Multi-agent cooperation is enabled by compositional diffusion models that factorize the contributions of agent-specific actions at each step, as seen in COMBO (Zhang et al., 2024).

6. Empirical Results, Generalization, and Evaluation

Compositional world models achieve superior empirical results across domains:

Improved zero-shot and few-shot generalization on RT-X and RLBench with compositional video generation primitives (Zhou et al., 2024)
Human success rates increase from 46–69% (monolithic) to over 81% (compositional) on previously unseen tasks (Zhou et al., 2024)
Multitask planning scores on DMControl MT30 increase by +23.5% over monolithic world models when using compositional mixture-of-experts dynamics (Li et al., 9 Dec 2025)
Retrosynthetic planning in chemical domains solves 95% of held-out targets using compositional GNN graph-rewrite programs (Segler, 2019)
Atari generalization in PoE-World matches or surpasses baseline RL performance with far less data or task-specific tuning (2505.10819)
One-shot imitation learning in robotics becomes feasible via explicit scene-object composition and physically grounded digital twin reconstructions (Barcellona et al., 2024)

Critically, compositional architectures are empirically observed to reduce extrapolation errors due to smoothing at regime boundaries, enable combinatorial state and action recombination, and facilitate symbolic/equivariant reasoning.

7. Interpretability, Modularity, and Theoretical Guarantees

Compositional models often provide interpretability: modules correspond to semantic entities (objects, verbs, rules, primitives), and their causal roles can be traced via attention weights, slot activations, or symbolic traces. Explicit structure learning (e.g., (Costa, 2024)) and symbolic neurosymbolic models (Sehgal et al., 2023) enable causal graph analysis and modular diagnostics.

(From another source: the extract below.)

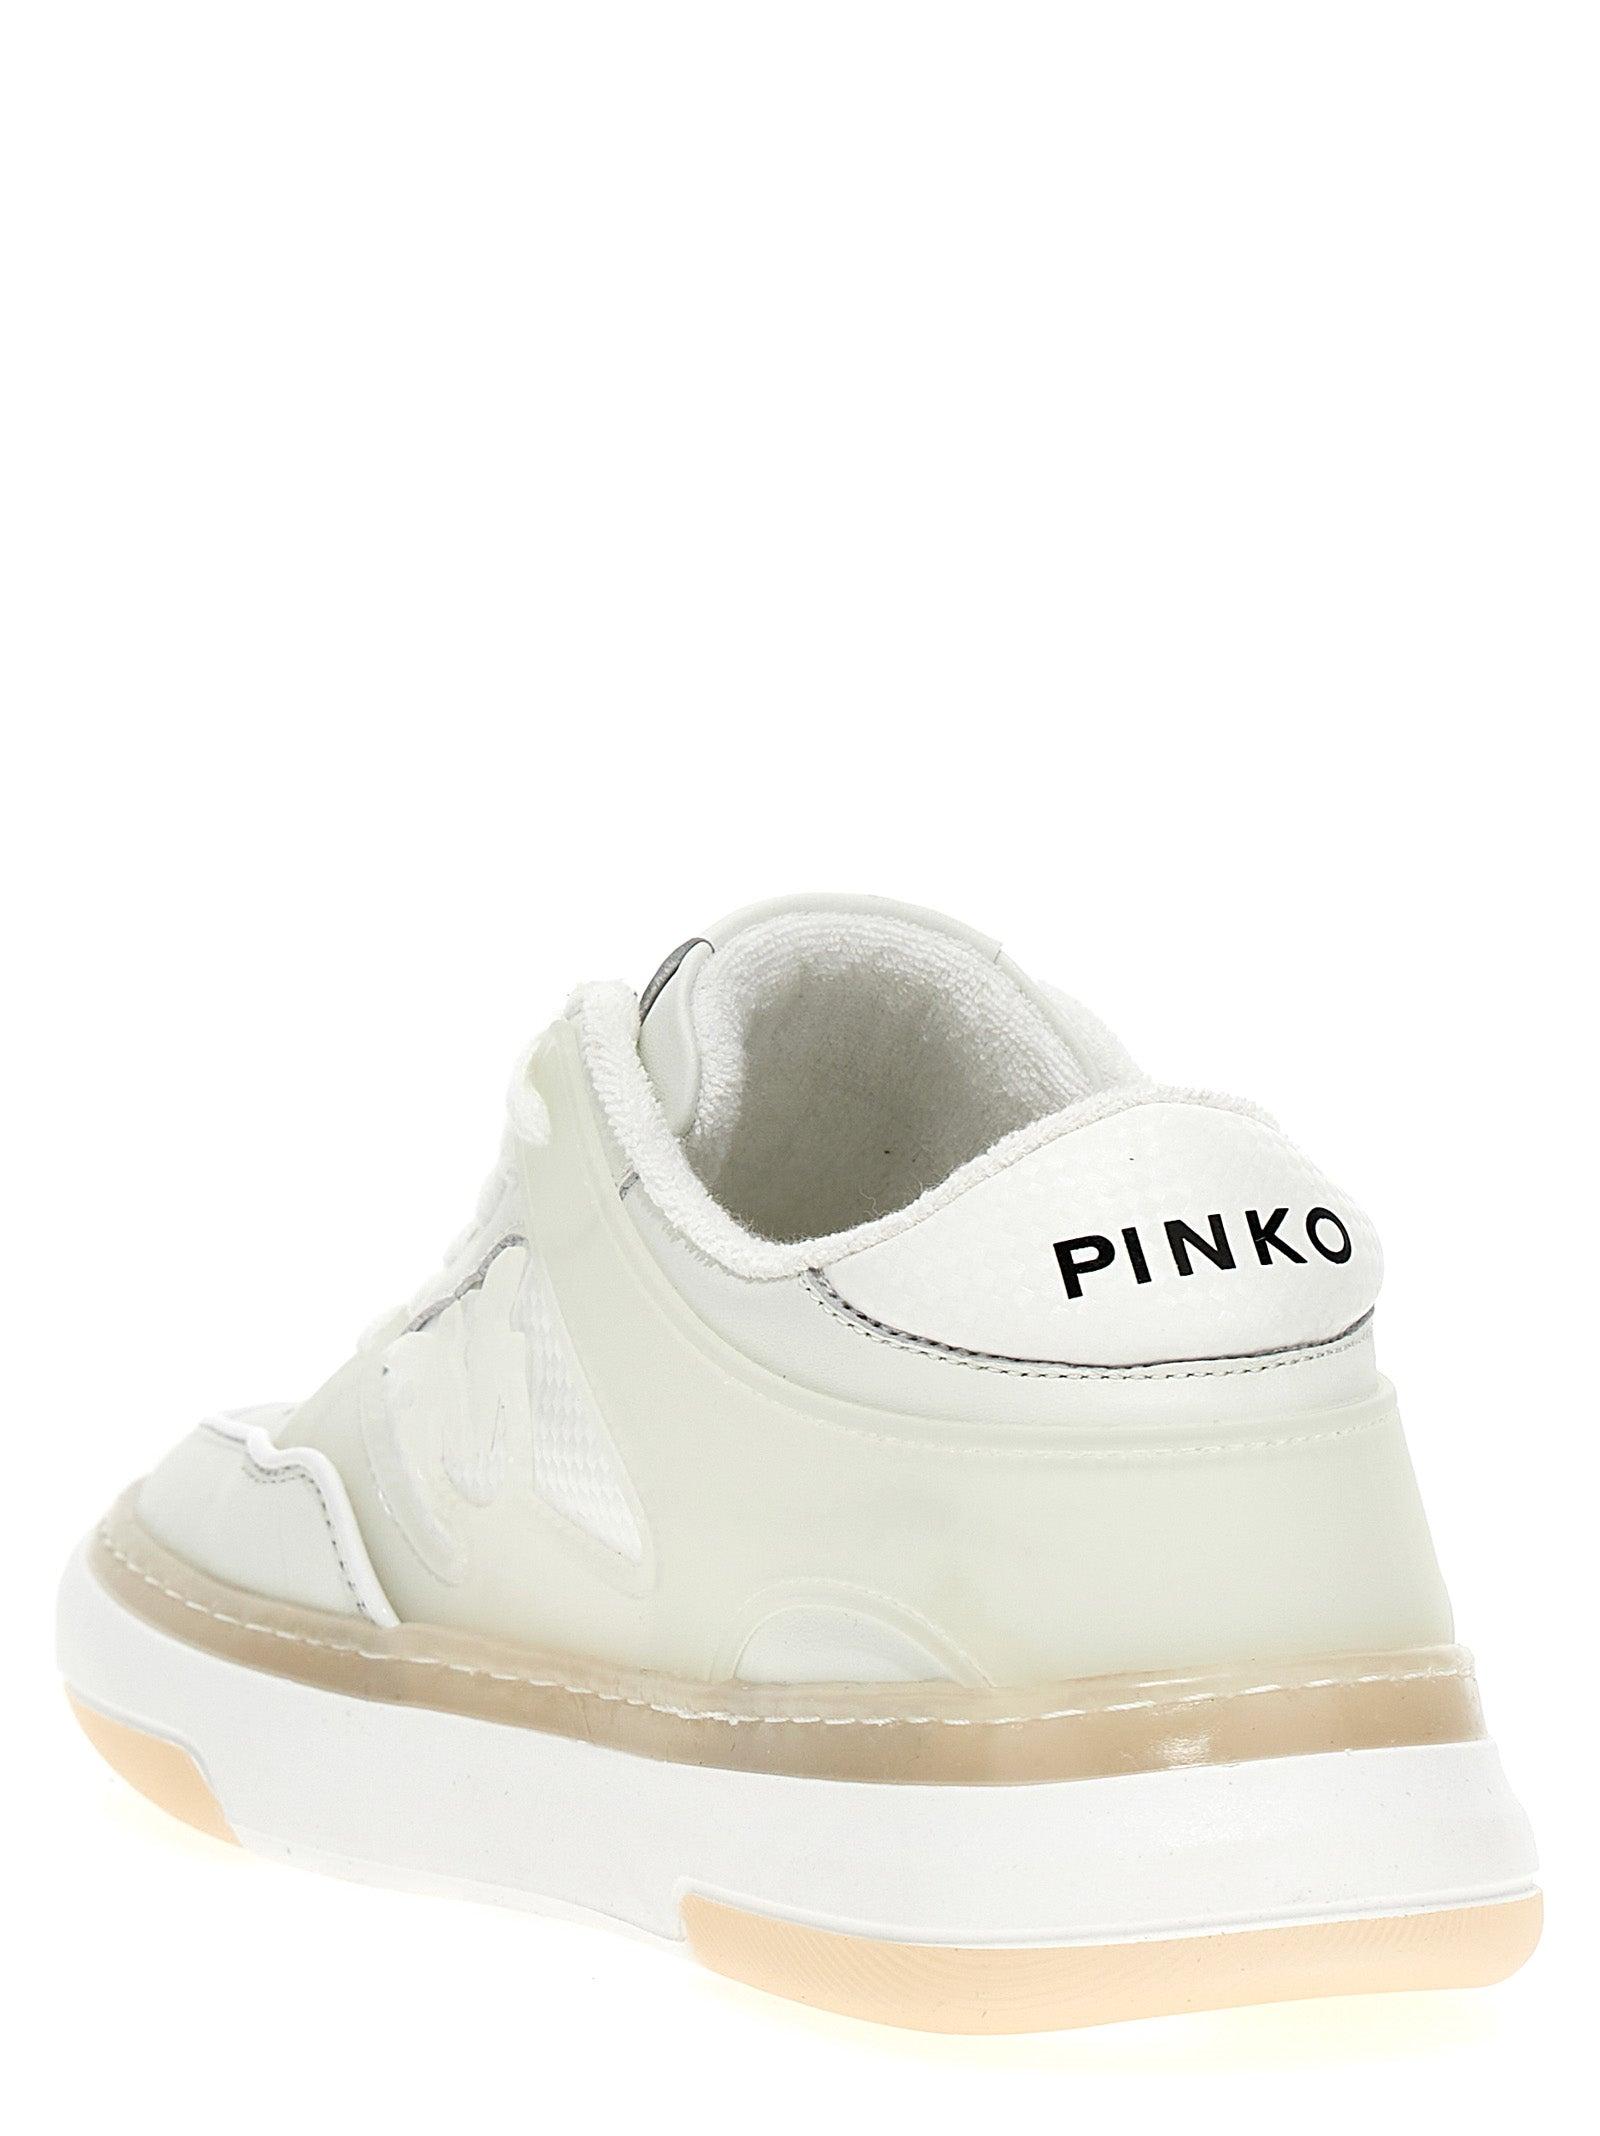 Pinko Aori Ginette Sneakers in White | Lyst

In settings like WM3C (Wang et al., 13 May 2025), identifiability theorems guarantee that language-controlled compositional latent blocks will be uniquely recovered, provided mild regularity and independence assumptions.

This suggests that compositional world models offer a tractable theoretical foundation for structure discovery, generalization, and scalable inference in complex open-ended environments.

References

All claims, metrics, algorithmic steps, and architectural details above are strictly derived from (Yoo et al., 4 Sep 2025, Segler, 2019, Zhou et al., 2024, Hayashi et al., 13 Mar 2025, Capiluppi et al., 2013, Zhang et al., 2024, Wang et al., 13 May 2025, 2505.10819, Li et al., 9 Dec 2025, Barcellona et al., 2024, Baek et al., 24 Jan 2025, Sehgal et al., 2023), and (Costa, 2024).